Prilenia Therapeutics announced on May 26, 2026 the signing of a Data Use Agreement with the CHDI Foundation, a nonprofit biomedical research organization exclusively dedicated to Huntington’s disease. Under this agreement, the Dutch biotech is providing CHDI with clinical data from the placebo arms of two of its studies, PRIDE and PROOF.
What the agreement covers
CHDI receives a worldwide, non-exclusive license to use individual patient-level data from the placebo populations of both studies, along with full ownership of any research results it generates from them. The foundation will also have the option to make the data available to qualified third-party research institutions. Prilenia retains ownership of the underlying data, which remains anonymized and securely protected.
About Huntington’s disease
Huntington’s disease is a hereditary neurodegenerative disorder caused by an expansion of CAG trinucleotide repeats in the huntingtin gene on chromosome 4. This mutation produces an abnormal protein that progressively destroys neurons, leading to irreversible decline across motor function, cognition, and behavior. Individuals carrying more than 39 CAG repeats are highly likely to develop the disease, and intermediate alleles can expand across generations, particularly through paternal transmission.
The disease has a global prevalence of approximately 4.88 per 100,000 individuals, though this varies significantly by region. In European populations, HD affects roughly 10 to 13 people per 100,000, while in East Asia the figure drops to just one to seven cases per million. One of the most clinically challenging aspects of HD is its prolonged pre-symptomatic phase: cognitive, behavioral, and motor changes can emerge well before a formal diagnosis, making early interdisciplinary intervention critical yet difficult to implement in practice.

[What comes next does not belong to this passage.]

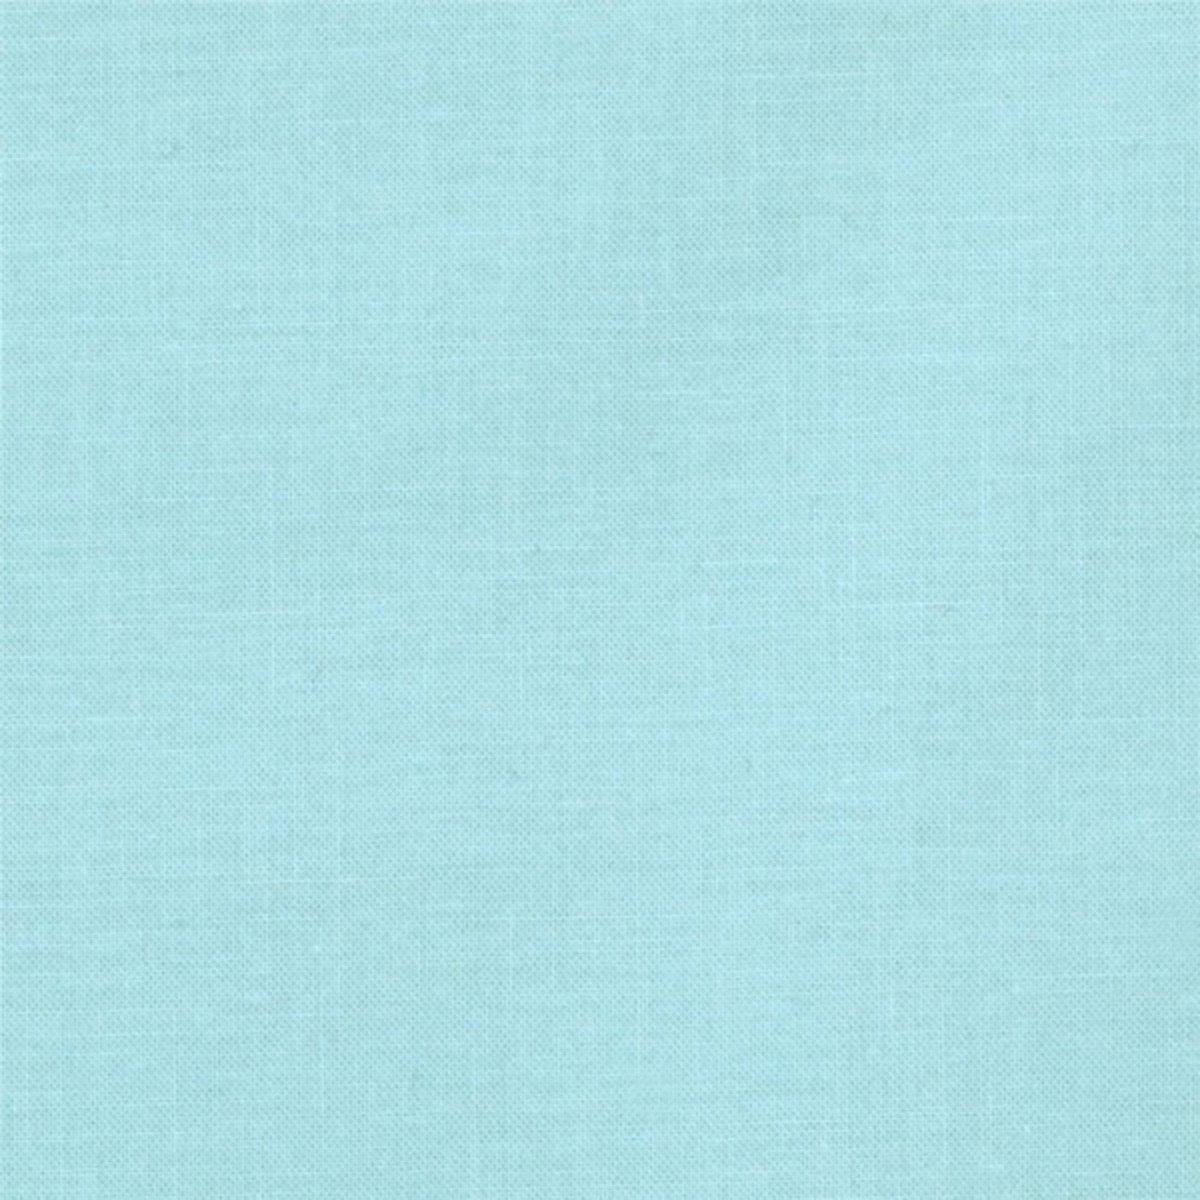 Kona Cotton in Baby Blue for Robert Kaufman

No treatment currently exists that modifies the course of the disease. Available options remain limited to symptom management and palliative care. Research activity has grown over the decades, though significant structural limitations persist. A 2025 bibliometric review of over 1,500 publications spanning 1966 to 2025 found that HD research remains heavily concentrated within a small number of countries and author groups, with the United States accounting for the largest share of output by a wide margin. Cross-regional collaboration is limited, psychological and mental health dimensions of the disease are underrepresented in the literature, and health-related quality of life data remains scarce. In one cross-sectional study cited in the review, 33% of HD patients reported symptoms of depression, yet mental health endpoints are rarely included in clinical trials focused on motor or cognitive outcomes.
It is in this context that Prilenia’s data-sharing initiative carries weight. By making placebo-arm patient data from two clinical studies available to CHDI, the agreement directly addresses the scarcity of high-quality, reusable clinical datasets. CHDI intends to use the data to better characterize placebo effects in HD trials, which could improve the design of future studies and strengthen the validity of external comparator approaches, including those built on the Enroll-HD registry.
Prilenia also plans to initiate a registrational Phase 3 study of pridopidine in early to mid-stage HD in the second quarter of 2026, a trial whose design could directly benefit from analyses generated under this agreement.
Masna H, Konda M, Ganti L. Huntington’s Disease Research Over Six Decades: Global Insights, Gaps, and Future Directions. Cureus. 2025 Nov 23;17(11):e97567. doi: 10.7759/cureus.97567. PMID: 41446471; PMCID: PMC12724639.